Lafer has served as Senior Labor Policy Advisor for the U.S. House of Representatives' Committee on Education and the Workforce, a position that made him the top congressional staff member responsible for upholding labor standards in international trade treaties, and he has been called to testify as an expert witness before multiple state legislatures. He was the primary Congressional staff person responsible for the Local Jobs for America Act, a bill that would have created one million decently-paid jobs and restored essential public services that were cut during the Great Recession. The bill was introduced by Rep.
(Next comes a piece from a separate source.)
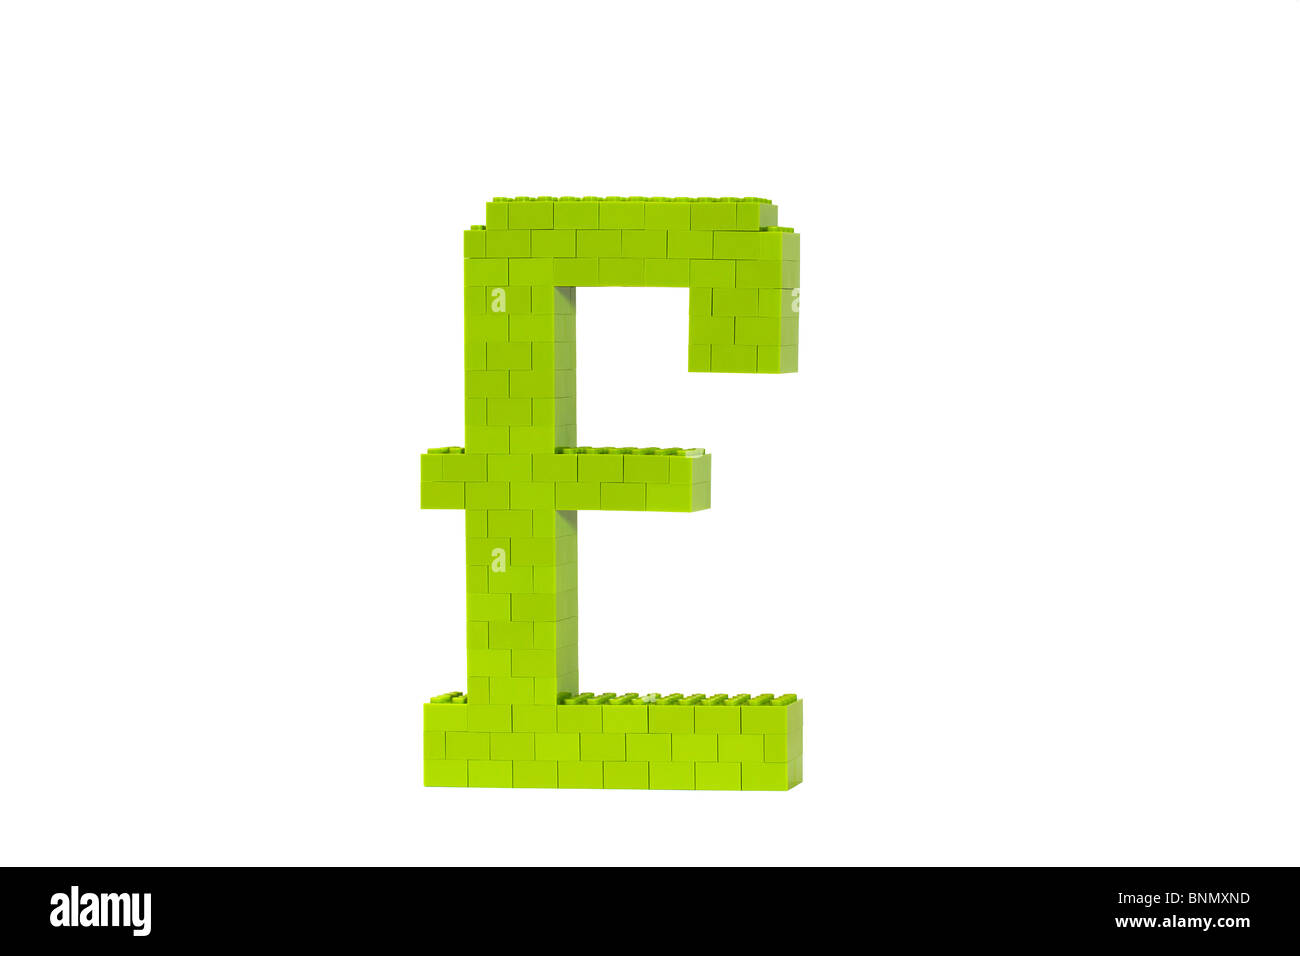 Ein grünes Symbol Pfund (GBP) aus Spielzeug Ziegel gebaut und erschossen vor einem weißen Hintergrund in einem Winkel zu zeigen, dass es 3D Natur ist. Stockfoto
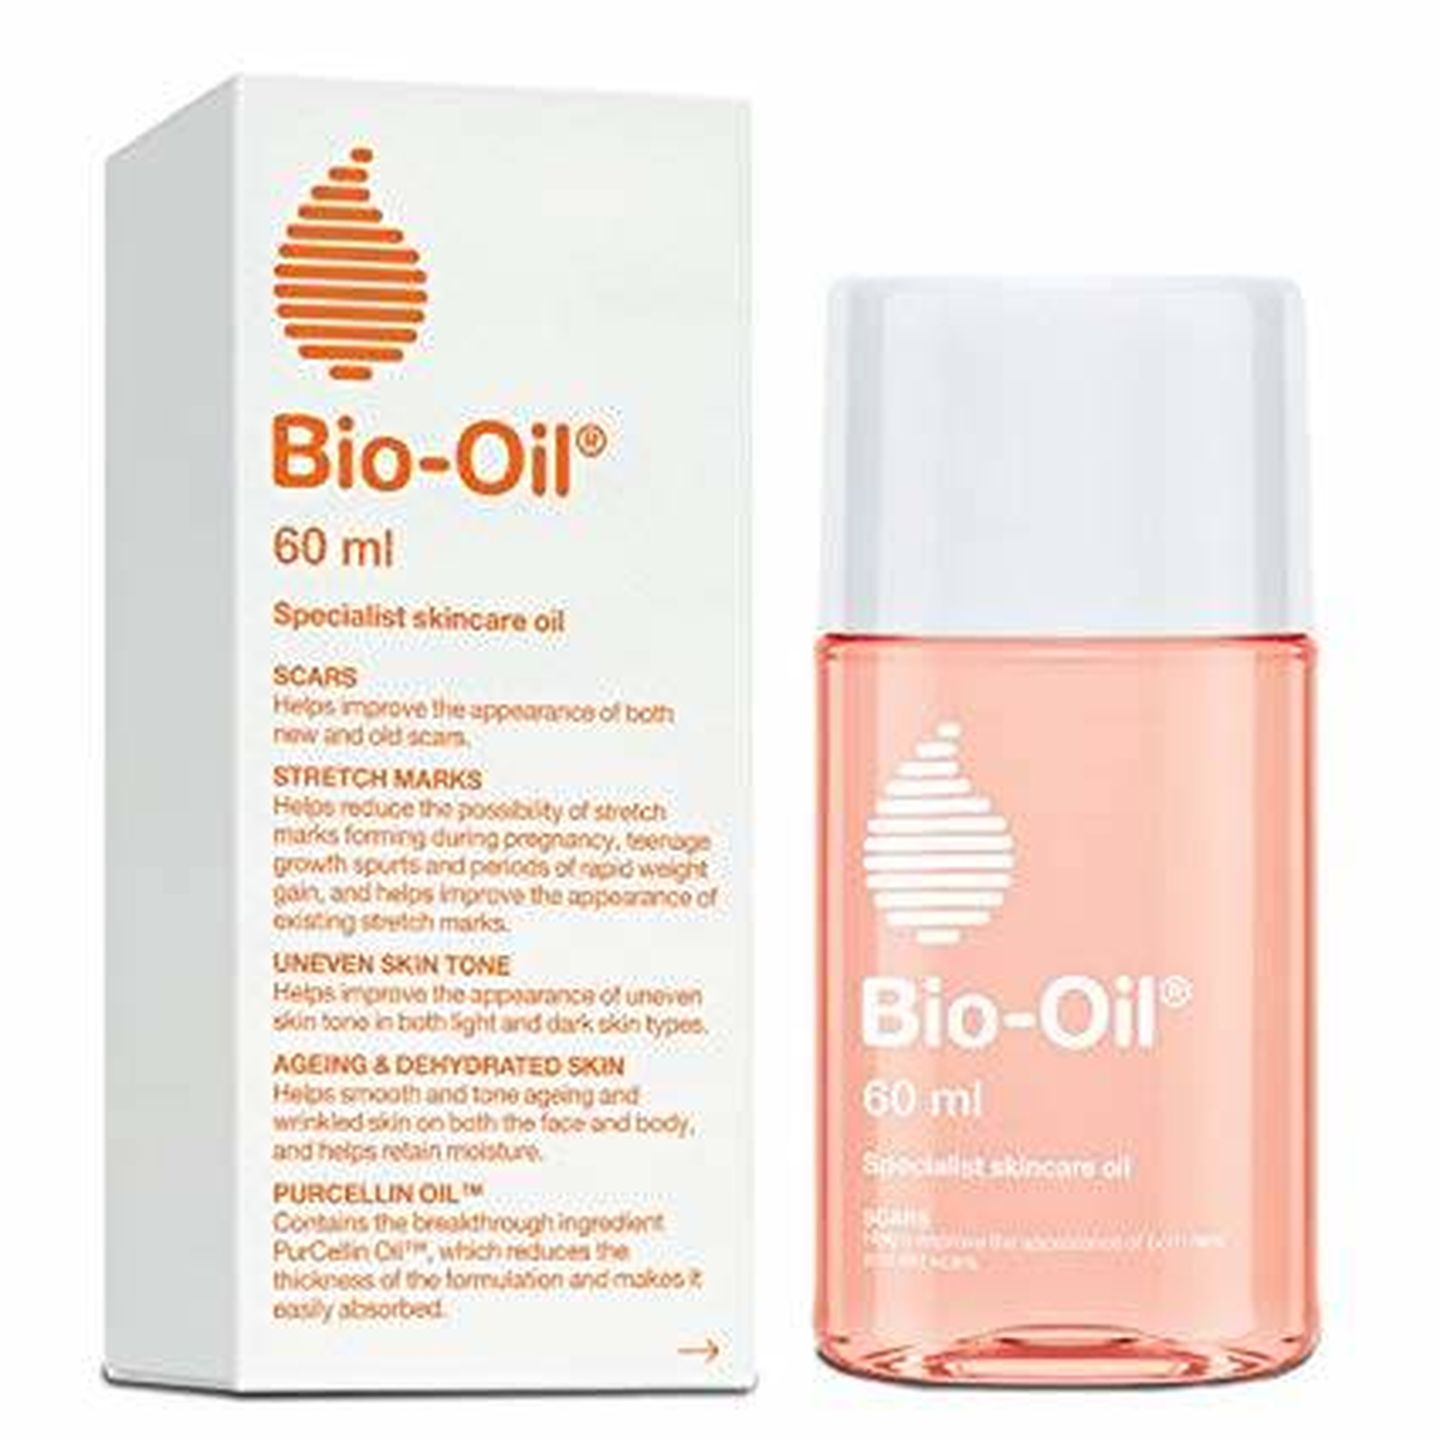 El aceite Bio-Oil que usa Meghan Markle. (Cortesía)

George Miller (D-CA), chair of the United States House Committee on Education and the Workforce, but never became law.

Lafer is a member of the Scholars' Advisory Council of in the Public Interest, a research and policy center promoting democratic control of public goods and services.

He is the founding co-chair of the American Political Science Association's Labor Project, and serves on the board of directors of the Shalom Hartman Institute, a pluralistic center of research and education deepening and elevating the quality of Jewish life in Israel and around the world.

As of 2023, Lafer was Vice Chair of the Eugene School District Board of Directors, to which he was elected in 2019. His term expired June 30, 2023, as he lost his campaign for reelection in the May 16, 2023 Special District Election.

==Works==
Lafer is the author of the books The Job Training Charade and The One Percent Solution: How Corporations Are Remaking America One State at a Time.

Lafer's work has appeared in The Nation and U.S. News & World Report and has been featured in The Washington Post, The New York Times, Fortune magazine, and other publications.